LEGUMES ET DIAMANTS
Le monde de Truc-Anh se déploie dans une forme éclatée dont les extrémités tiennent par une force mystérieuse de gravitation. Il n’est que de regarder les deux séries de photographies qu’il présente ici: 88 Doors et L’Opéra de Stanley pour s’en convaincre.
On est d’abord frappé par ses Doors, qui s’annoncent comme un compte à rebours infernal : traumatisé par une échelle inidentifiable, on ne peut que se faire happer par cette multitude de détails et de contorsions émanant d’un noir limbique. Cette série est constituée de photographies montrant chacune une babiole agrandie et transmutée en phénomène physique : une bague de seconde main devient un maelstrom ou s’approprie tout à coup la sophistication de l’anneau des Nibelungen. Il ne s’agit pas simplement d’un changement d’échelle mais d’une métamorphose.
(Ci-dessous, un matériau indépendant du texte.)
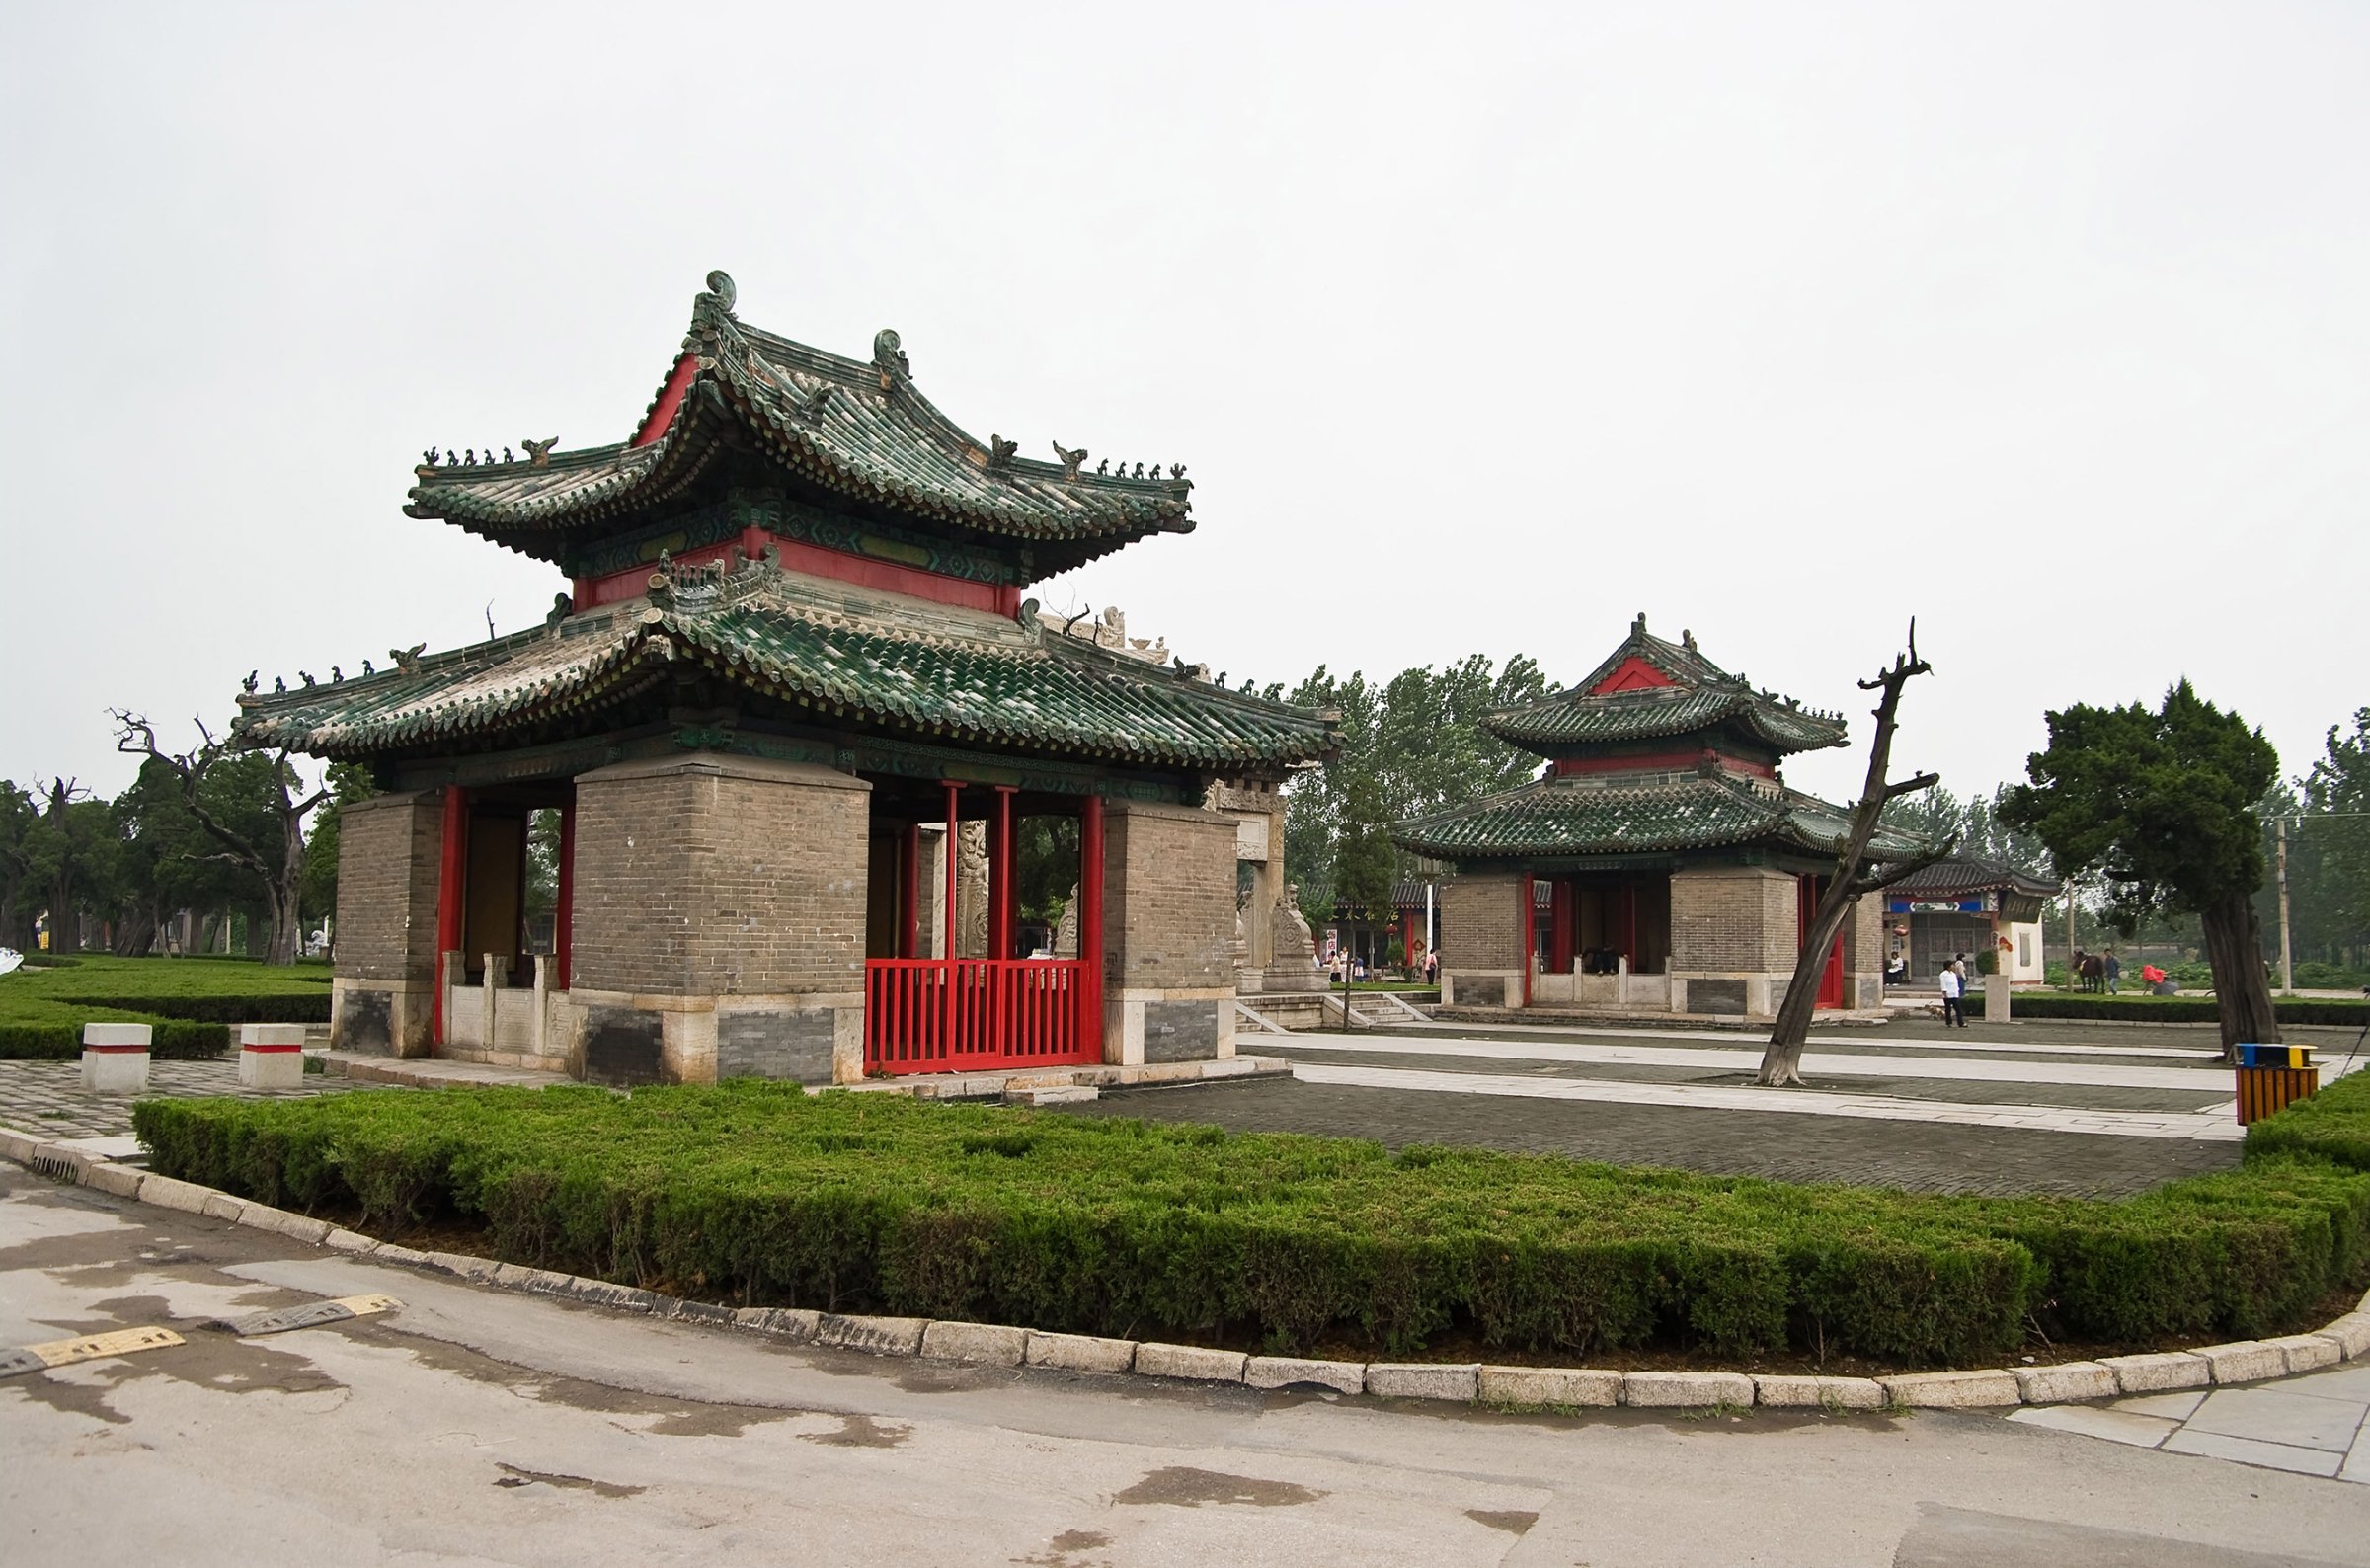 A view of memorial buildings at the Cemetery of Confucius, or Kong Lin, in Qufu city, Shandong province, China, May 22, 2014.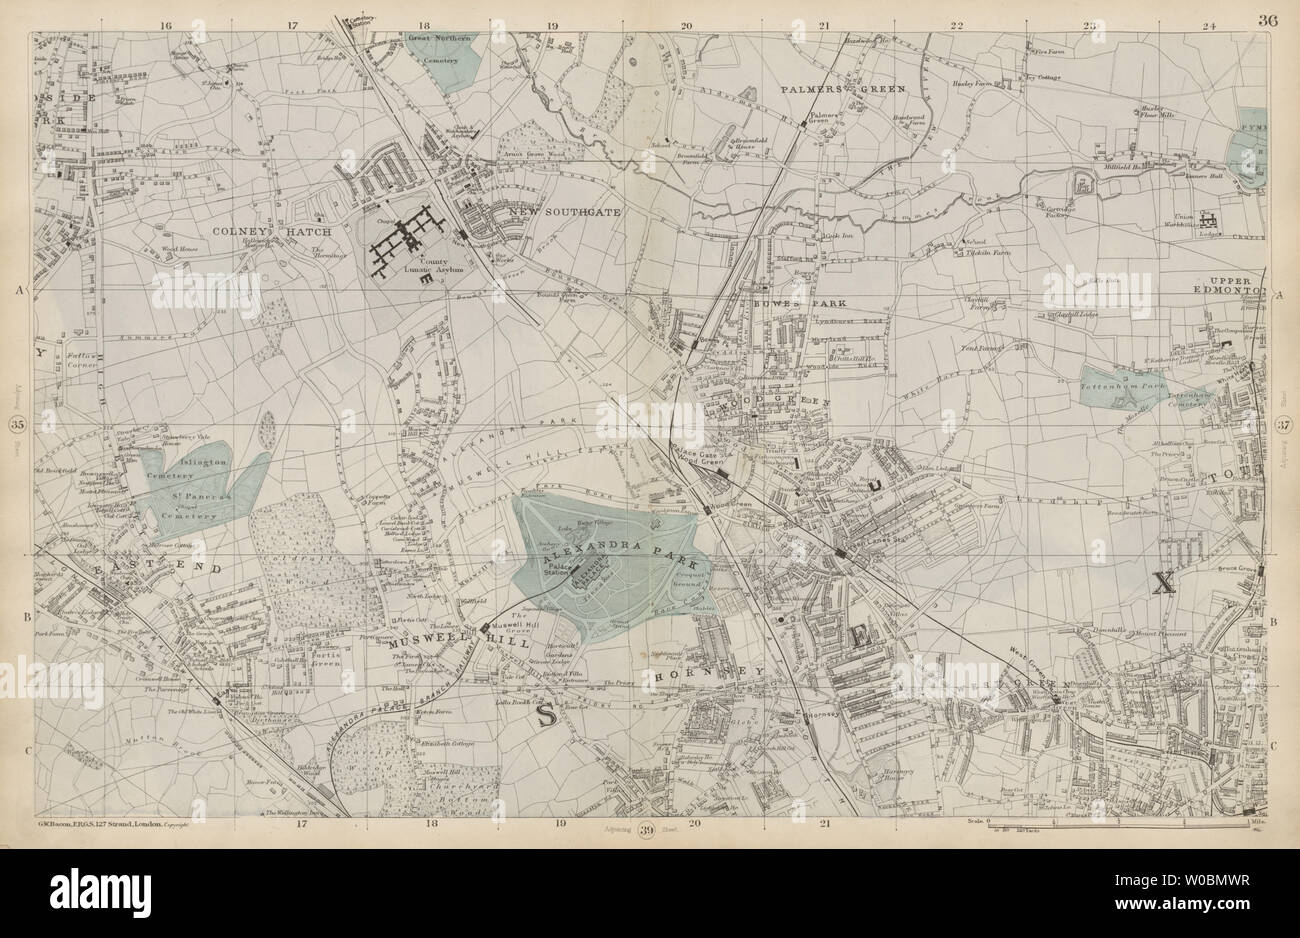 FRIERN BARNET/HORNSEY Palmers/Wood Green Southgate Muswell Hill BACON c1887 mappa Foto Stock

La deuxième série concerne Stanley, personnage solitaire évoluant dans des espaces vampirisés : Truc-Anh, paré de sa grenouillère rose, a effectué ces autoportraits dans les paysages désertiques de Norvège ou d’Amérique… On pense au personnage muet et amnésique de Paris-Texas, de Wim Wenders. C’est qu’il faut demeurer isolé, délibérément, pour promouvoir (et incarner) aujourd’hui un héros dont les aventures désuètes ne sont pas dépourvues d’une note existentielle. Le titre souligne la dimension narrative et polyphonique de cette série inaugurée en 2007 qui s’attache à « la représentation de quelques vies et de quelques morts ».
La rime visuelle qui assujettit Stanley à ses multiples réapparitions est la même qui mène à la perte des repères dans la série 88 Doors : leur motif répété fatigue l’œil toujours à la recherche d’un espace où se reposer tel Stanley dans Stanley regarde les WSOP ou Stanley chez les Incas. C’est paradoxalement leur exacte définition, la fidélité de leur rendu, qui révèle de ces pacotilles des aspects inattendus, surréels et déroutants.
Présentées ensemble, ces deux séries se réfléchissent et sont appuyées de sculptures qui semblent poser comme l’antidote d’un trop-plein d’ésotérisme et nuancer le spectaculaire envoûtement des Doors : Truc-Anh, magicien peu soucieux de révéler ses habiletés nous dévoile ses effets d’optique dans du handmade. Le pliage intitulé I was loved ramène concrètement aux surplis des Doors et à l’impression d’expansion qu’ils procurent.
Après les surfeurs et les plieurs de papier, Truc-Anh se montre un allié tardif de Gilles Deleuze, fasciné lui aussi par le pli.